Mosier v. Cargill Financial Services Corp. (In Re Mansfield Corp.)

339 B.R. 194, 2006 Bankr. LEXIS 945, 46 Bankr. Ct. Dec. (CRR) 54, 2006 WL 650004
CourtUnited States Bankruptcy Court, D. Minnesota
DecidedMarch 16, 2006
Docket19-50047
StatusPublished
Cited by2 cases

This text of 339 B.R. 194 (Mosier v. Cargill Financial Services Corp. (In Re Mansfield Corp.)) is published on Counsel Stack Legal Research, covering United States Bankruptcy Court, D. Minnesota primary law. Counsel Stack provides free access to over 12 million legal documents including statutes, case law, regulations, and constitutions.

Bluebook
Mosier v. Cargill Financial Services Corp. (In Re Mansfield Corp.), 339 B.R. 194, 2006 Bankr. LEXIS 945, 46 Bankr. Ct. Dec. (CRR) 54, 2006 WL 650004 (Minn. 2006).

Opinion

ORDER GRANTING DEFENDANT’S MOTION FOR DISMISSAL

GREGORY F. KISHEL, Chief Judge.

This adversary proceeding came on before the Court on the Defendant’s motion for dismissal. The Defendant appeared by its attorney, Dennis M. Ryan, Faegre & Benson, LLP, Minneapolis. The Plaintiff appeared by his attorneys, David E. Leta, Snell & Willmer, Salt Lake City, and William I. Kampf, Henson & Efron, P.A., Minneapolis. Upon the moving and responsive documents and the arguments of counsel, the Court memorializes the following order.

GENESIS OF THIS ADVERSARY PROCEEDING

This adversary proceeding arises out of the bankruptcy cases of the three debtors named in its caption.

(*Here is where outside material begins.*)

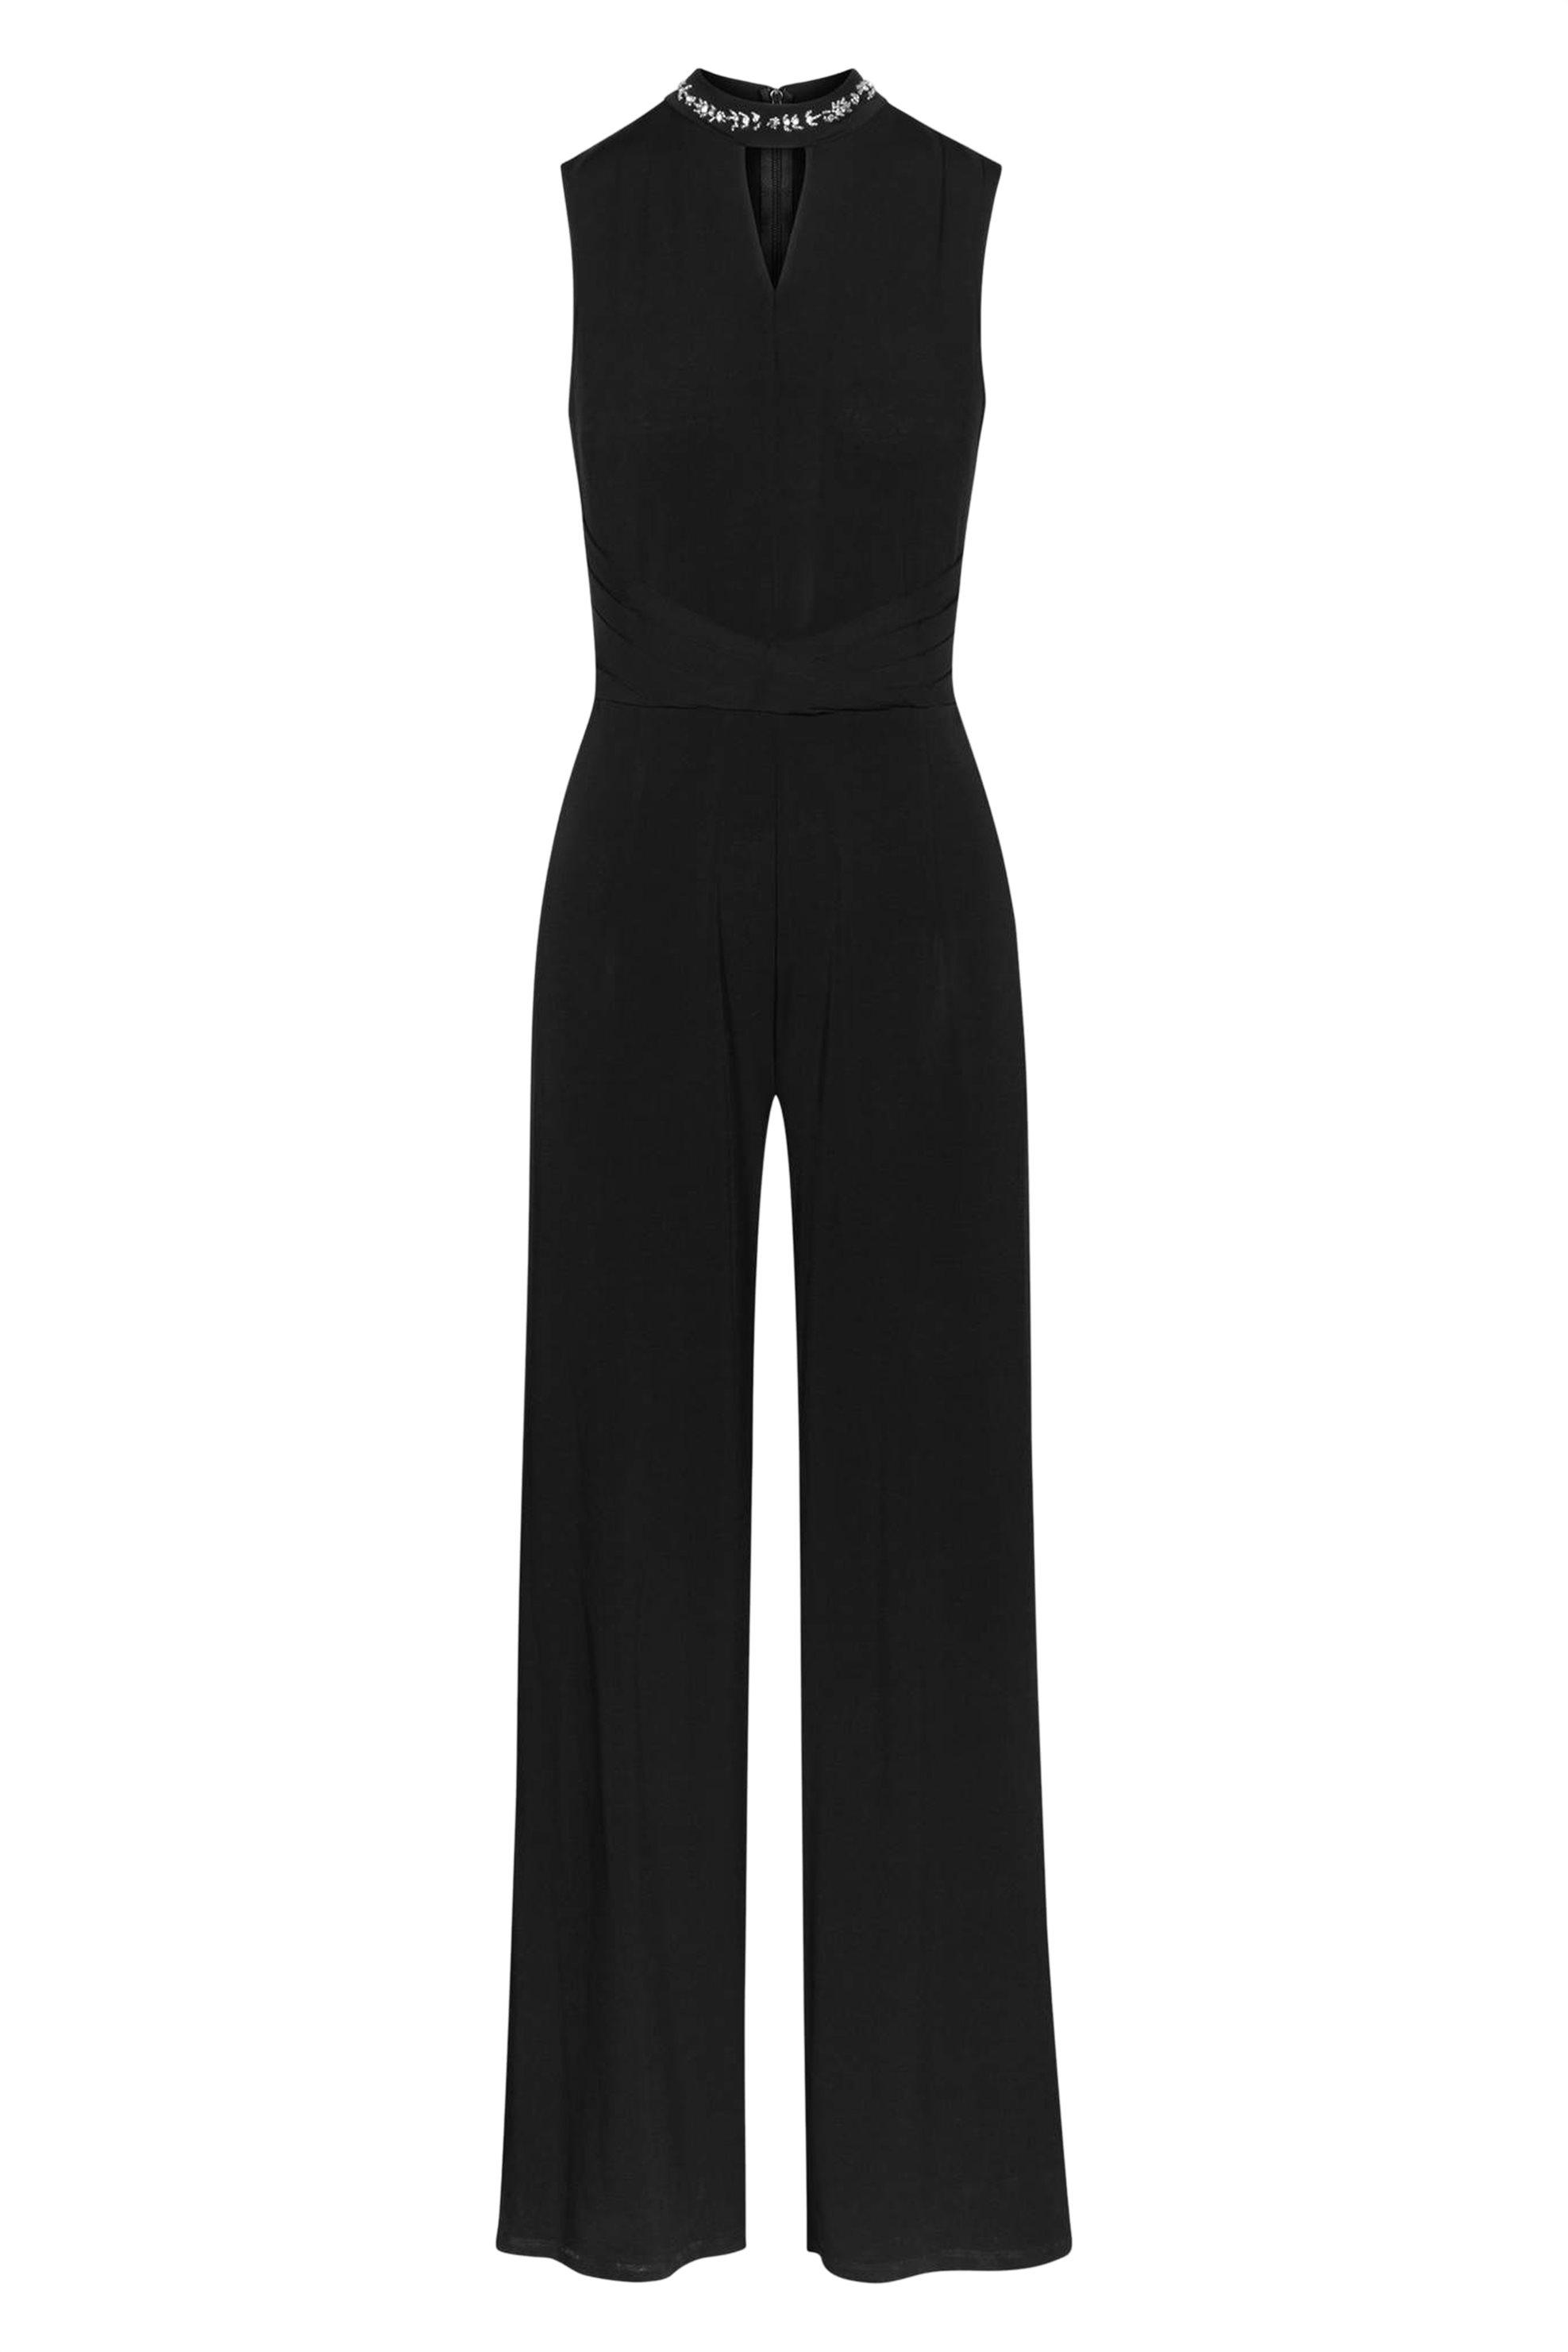 Orsay γυναικεία ολόσωμη φόρμα με κέντημα - 455005-660000 - Μαύρο γυναικα   ρουχα   ολόσωμες φόρμες   σαλοπέτες

Those eases were commenced variously, on separate dates in 2002-2003, under different chapters of the Bankruptcy Code, and in two different federal judicial districts (neither being this one). As of July 10, 2003, they all reposed in the United States Bankruptcy Court for the District of Utah, under Chapter 7 (the cases of Mansfield Corporation and Mansfield Trust having been converted from ones under Chapter 11). The cases and estates of all three debtors then were substantively consolidated, via an order entered on that date. The Plaintiff is the Trustee of the consolidated estates. The *196 cases remain pending in the District of Utah. Bankruptcy Judge Judith A. Boul-den is presiding over them.

This adversary proceeding is the second one commenced by the Plaintiff against the Defendant, with both based on the same facts and the same substantive theory of recovery. 1 The first one was commenced in the District of Utah in May, 2004.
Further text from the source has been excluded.